Task brief: Reproduce only this stretch of the listing below: from the line with "Projekt koszulki polo" through the line with "في كل موقف سلبي", exactly as written, with pictures excluded.

[Dataset excerpts Boundary: Start]

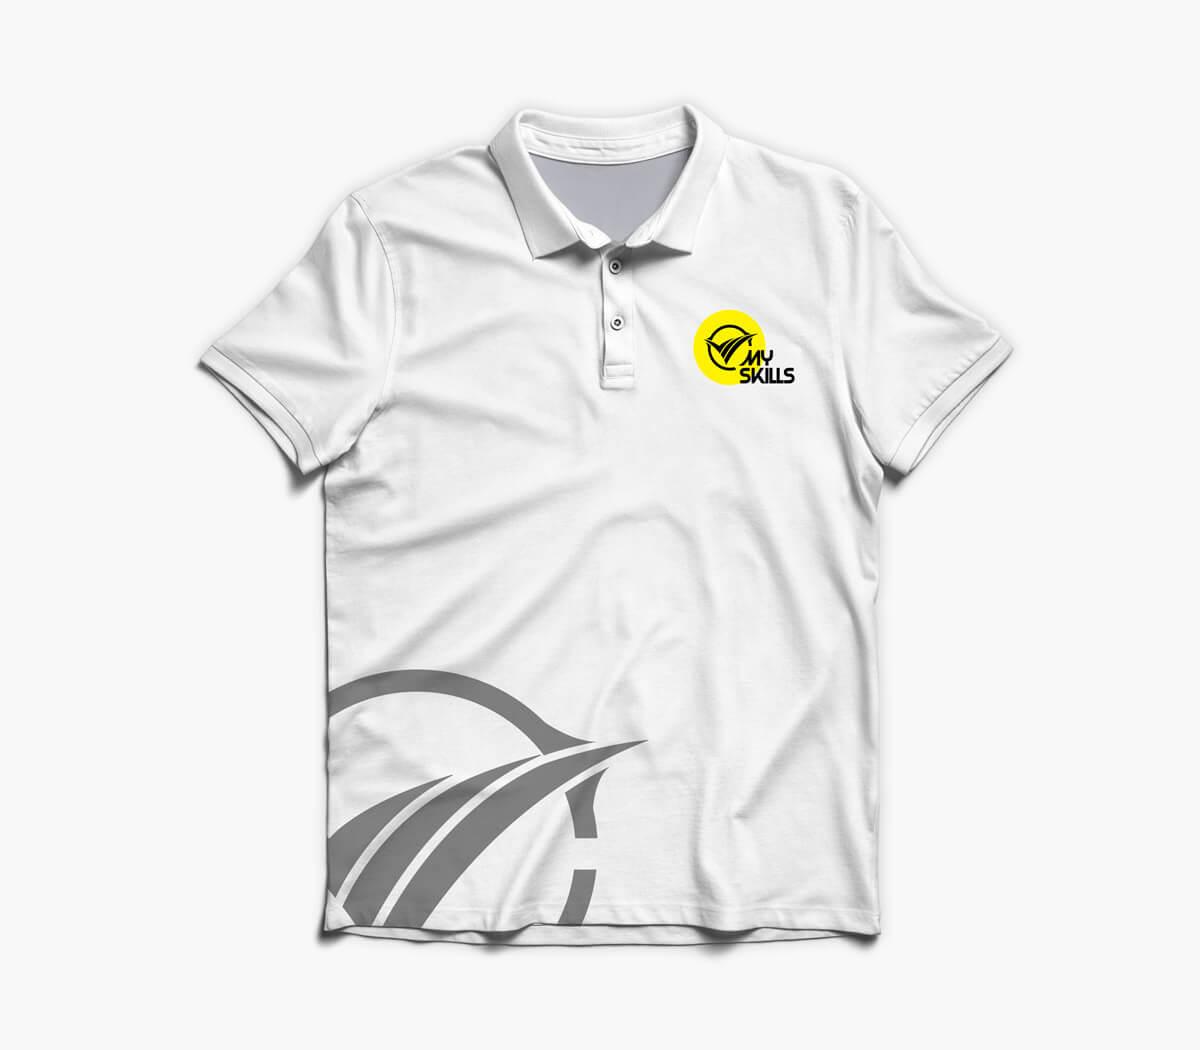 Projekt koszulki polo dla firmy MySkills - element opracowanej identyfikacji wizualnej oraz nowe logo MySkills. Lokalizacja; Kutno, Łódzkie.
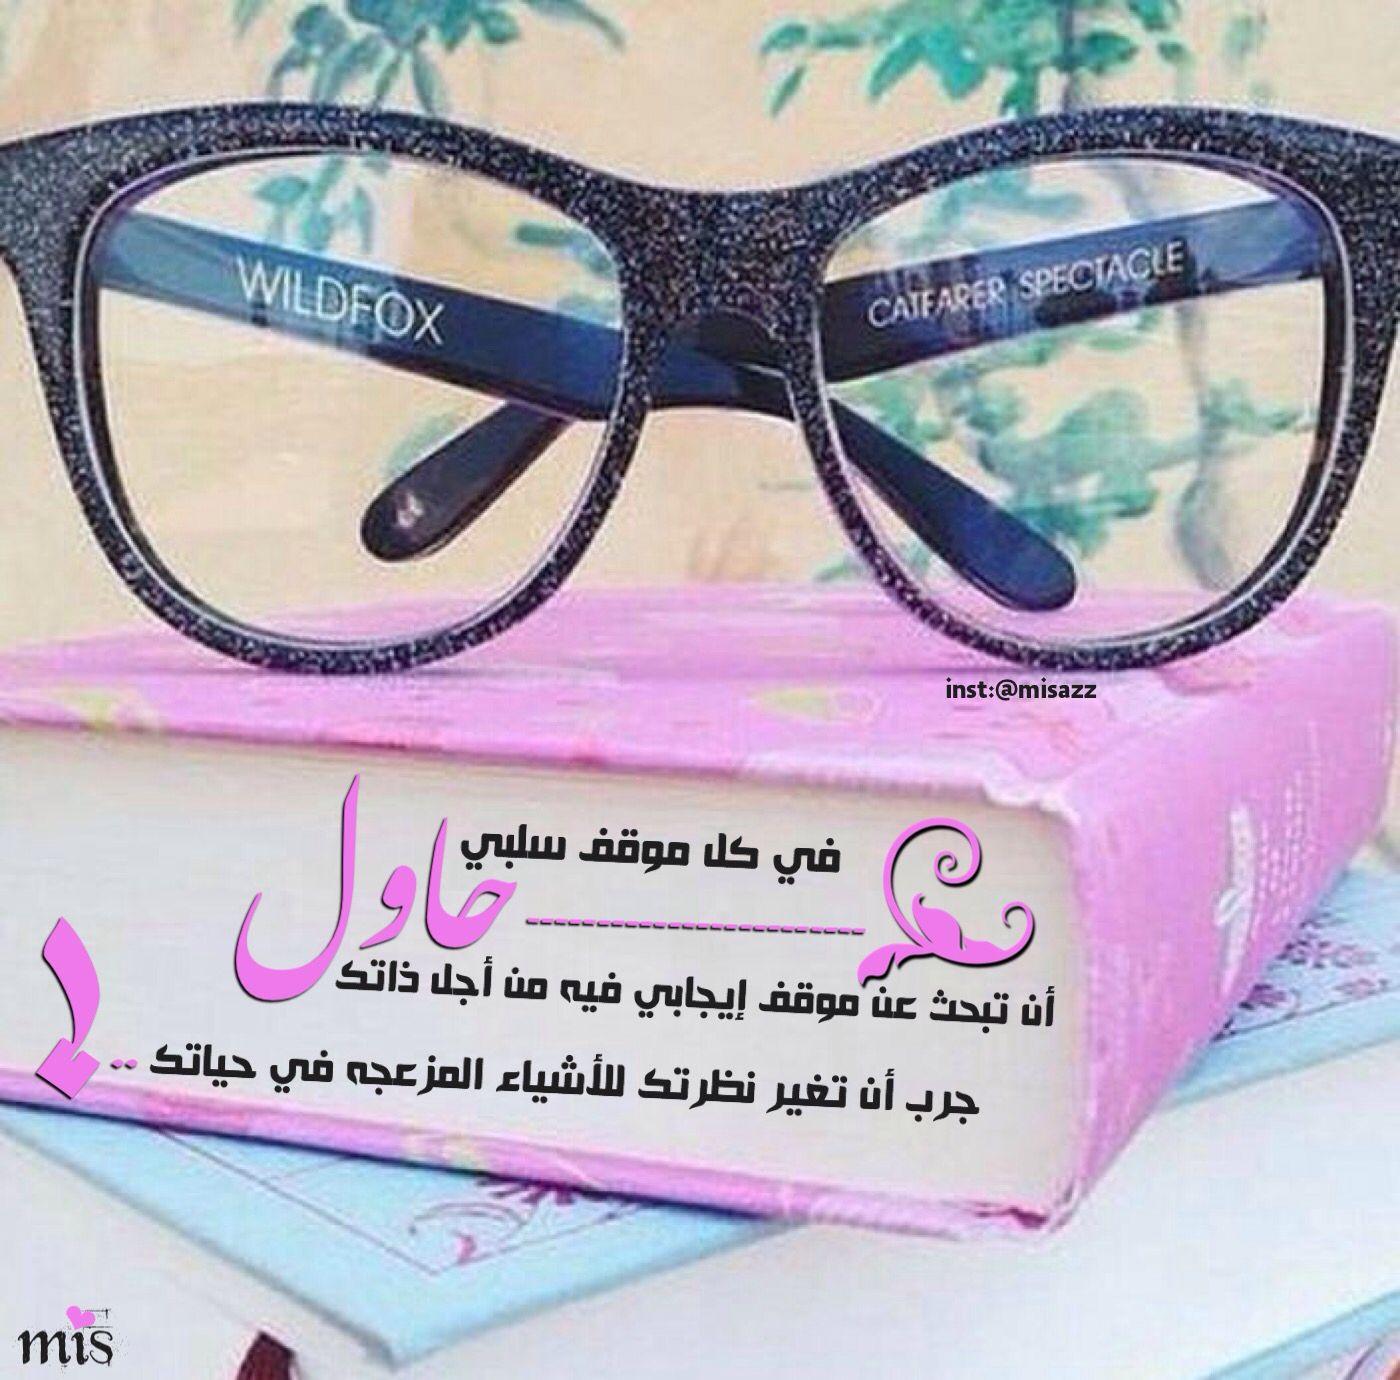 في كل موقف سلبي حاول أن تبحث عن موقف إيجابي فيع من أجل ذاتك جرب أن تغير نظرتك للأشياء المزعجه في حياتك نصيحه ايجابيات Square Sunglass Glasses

[Dataset excerpts Boundary: End]
[Dataset excerpts Boundary: Start]

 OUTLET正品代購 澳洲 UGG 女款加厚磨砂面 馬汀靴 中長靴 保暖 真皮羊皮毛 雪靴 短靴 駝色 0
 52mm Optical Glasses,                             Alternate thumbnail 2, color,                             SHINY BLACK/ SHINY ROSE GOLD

[Dataset excerpts Boundary: End]
[Dataset excerpts Boundary: Start]

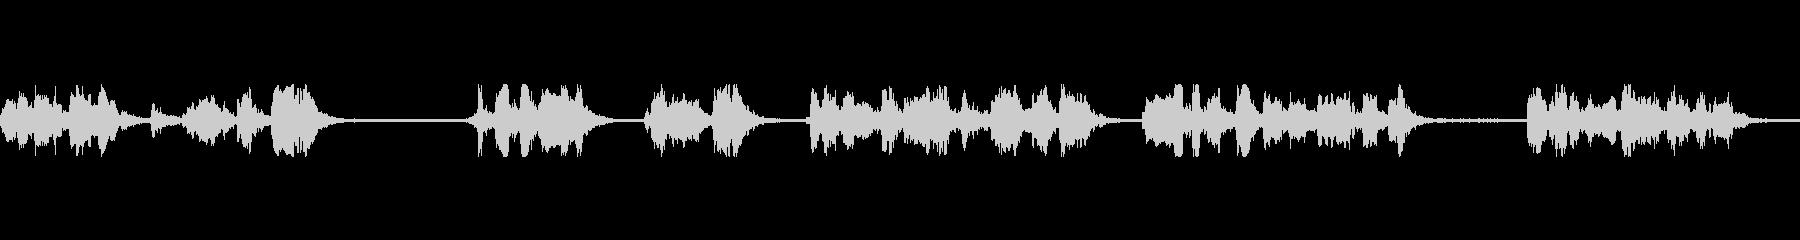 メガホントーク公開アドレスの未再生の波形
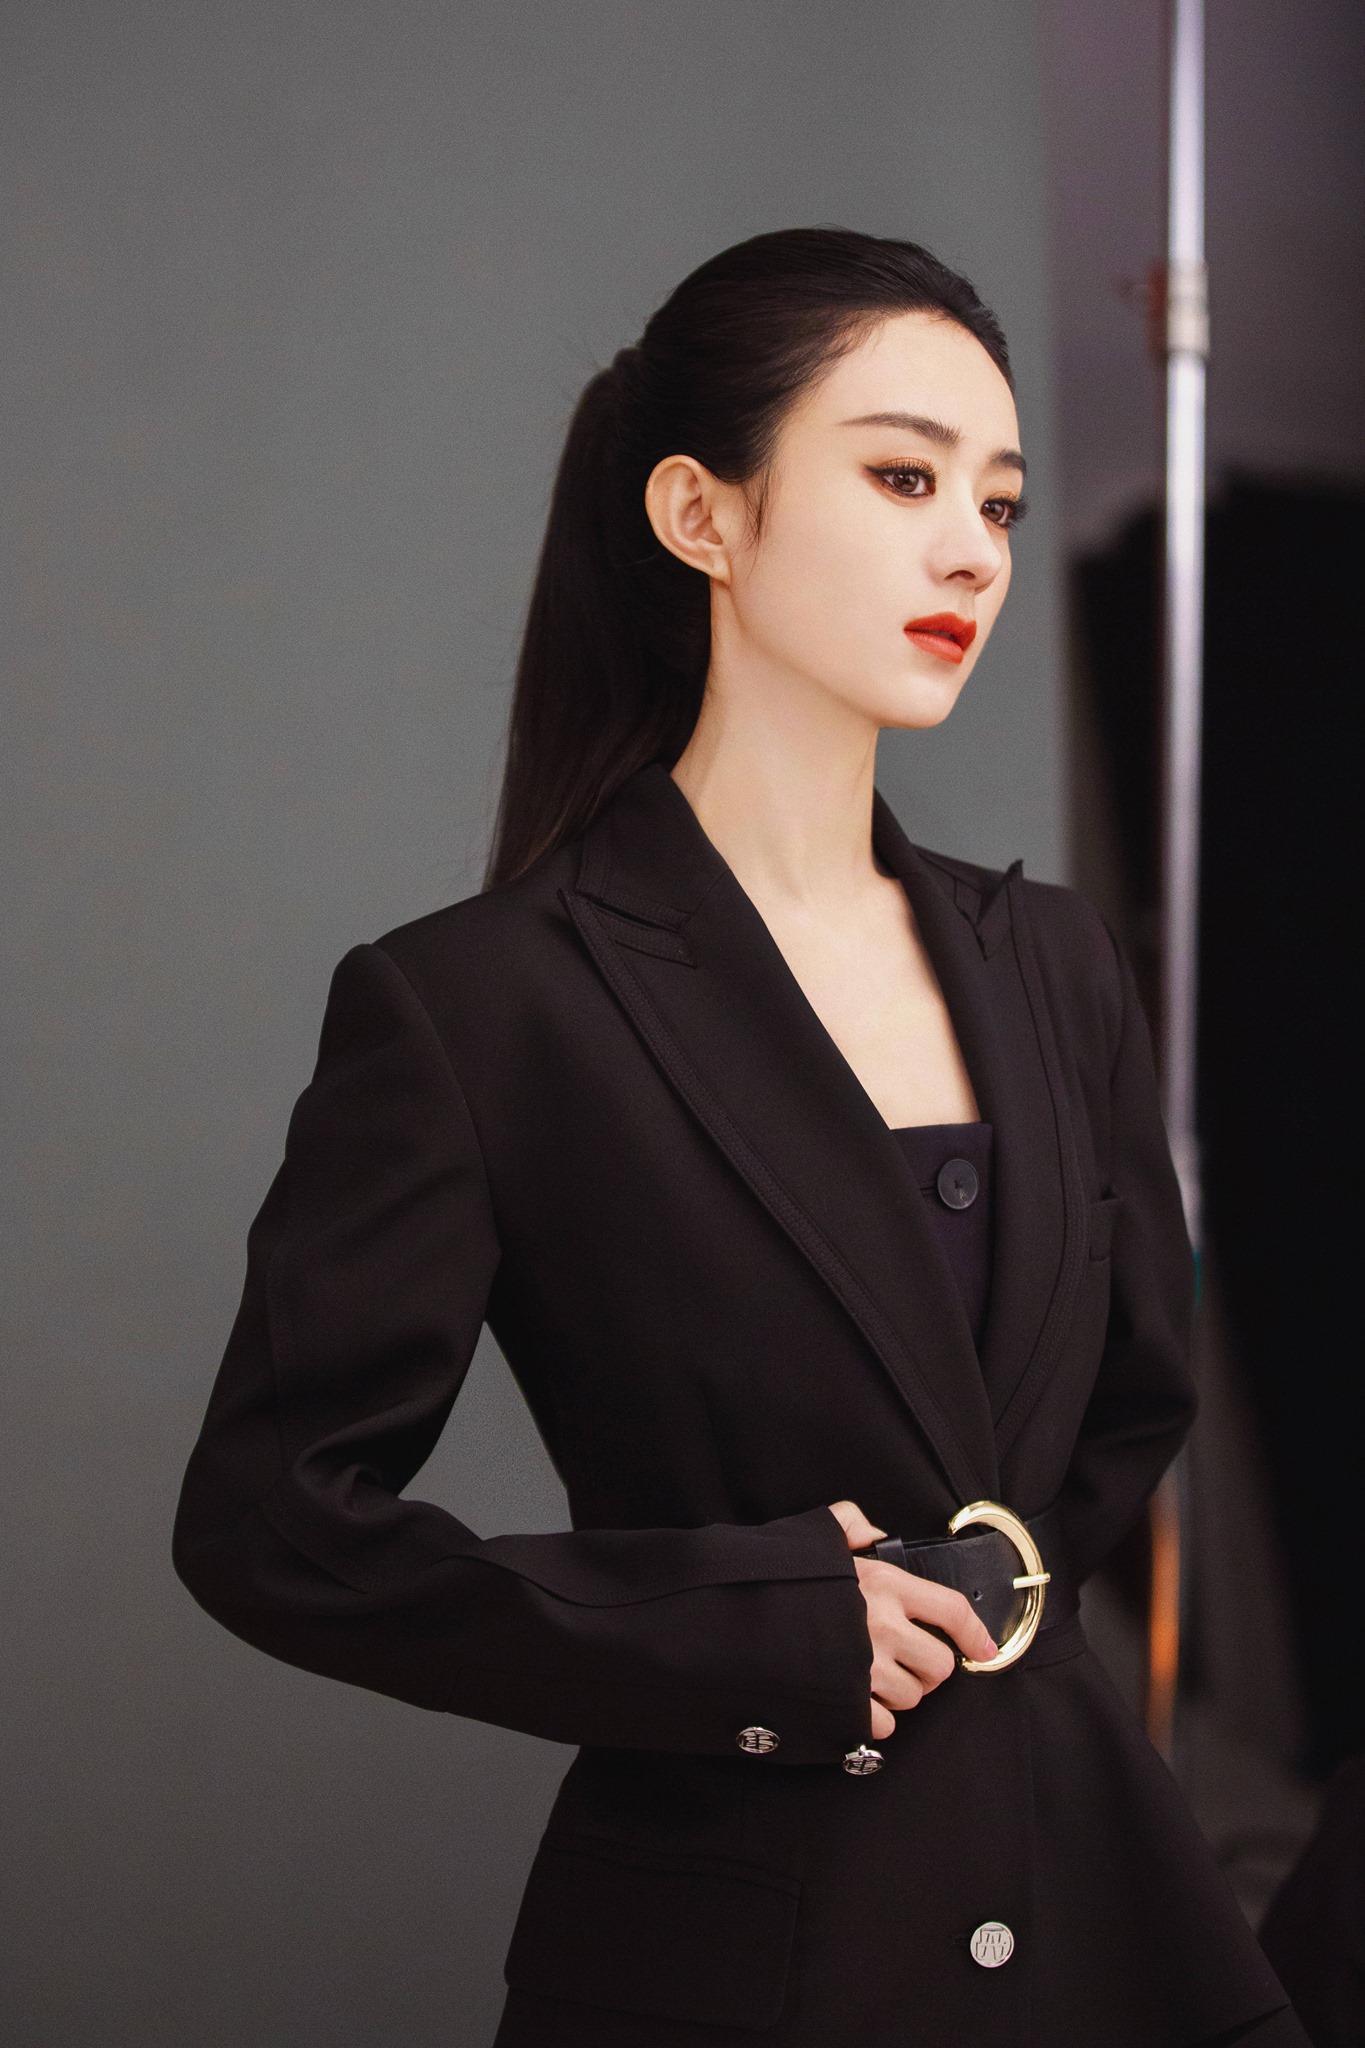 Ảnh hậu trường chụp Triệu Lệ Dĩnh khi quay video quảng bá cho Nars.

[Dataset excerpts Boundary: End]

Response area:
 Projekt koszulki polo dla firmy MySkills - element opracowanej identyfikacji wizualnej oraz nowe logo MySkills. Lokalizacja; Kutno, Łódzkie.
 في كل موقف سلبي حاول أن تبحث عن موقف إيجابي فيع من أجل ذاتك جرب أن تغير نظرتك للأشياء المزعجه في حياتك نصيحه ايجابيات Square Sunglass Glasses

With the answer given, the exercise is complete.